As I did in the total eclipse of 2017, I will be using my Meade LX200 f/10 classic 10" with a .63 focal reducer, mounted on a Superwedge, and a Canon 70D crop sensor dslr camera. The frame just holds the sun's disk, with a little left on the edges to show the corona (in 2017 there wasn't much). I mostly concentrate on taking a movie of the eclipse, from which I can pull high resolution frames as still shots. I think I used the manual mode, letting the ISO change as needed. Experimenting ahead of time is important to find the parameters that look the best, and also to be able to quickly make adjustments as needed.

This time I also plan to use a ZWO ASI224MC camera (mostly for planetary) coupled with a Canon kit lens, 18-135 zoom to get a smaller disk with more room for the corona. I will mount this camera/lens combo on my SkyWatcher Star Adventurer mount for tracking. For this setup I will need some accessories to be able to mount on the Star Adventurer, which I haven't figured out yet.

For both setups I use a Baader solar filter film during the partial phases.
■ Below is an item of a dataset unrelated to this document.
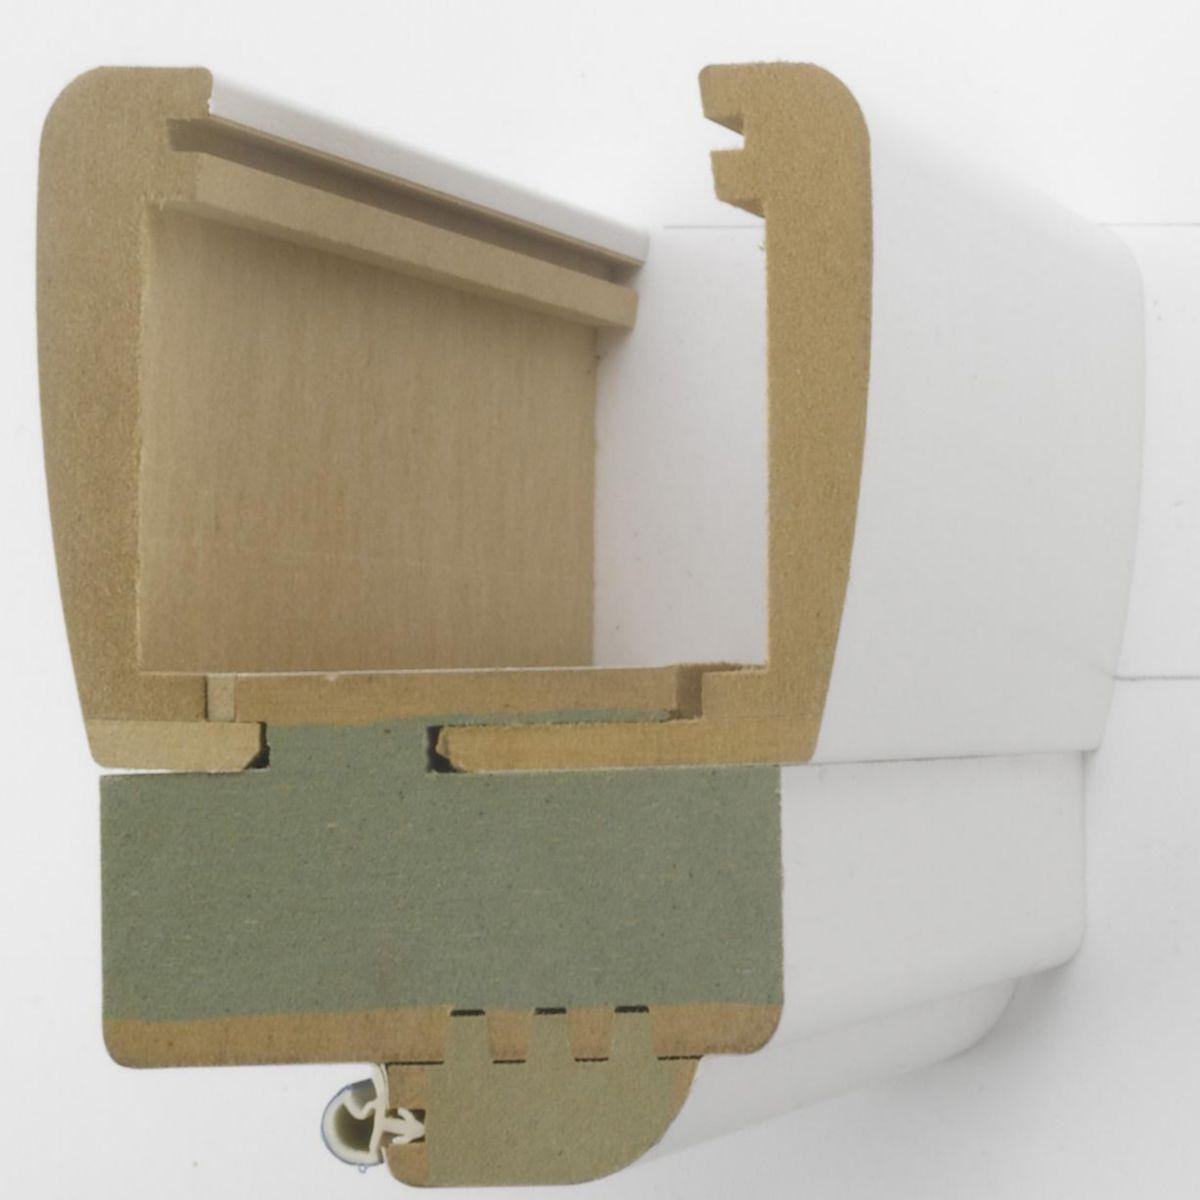 righini chambranle contre chambranle pour cloison 93 120. Black Bedroom Furniture Sets. Home Design Ideas

In 2017 I also used the wonderful iphone app Solar Eclipse Timer, the inventor already posting on this thread. It was fantastic and incredibly accurate for timing, and the audio announcements added a great deal to the experience. I will definitely use it again in 2024.

Also very useful for planning equipment needed is the website FOV Calculator,  Wonderful for seeing how your objects will fit into the frames of different equipment. I am sure there are more similar tools, like Stellarium, but I find this one to be most easy to use.

Lots of planning and experimenting to do yet, but I am so excited. Clear skies!!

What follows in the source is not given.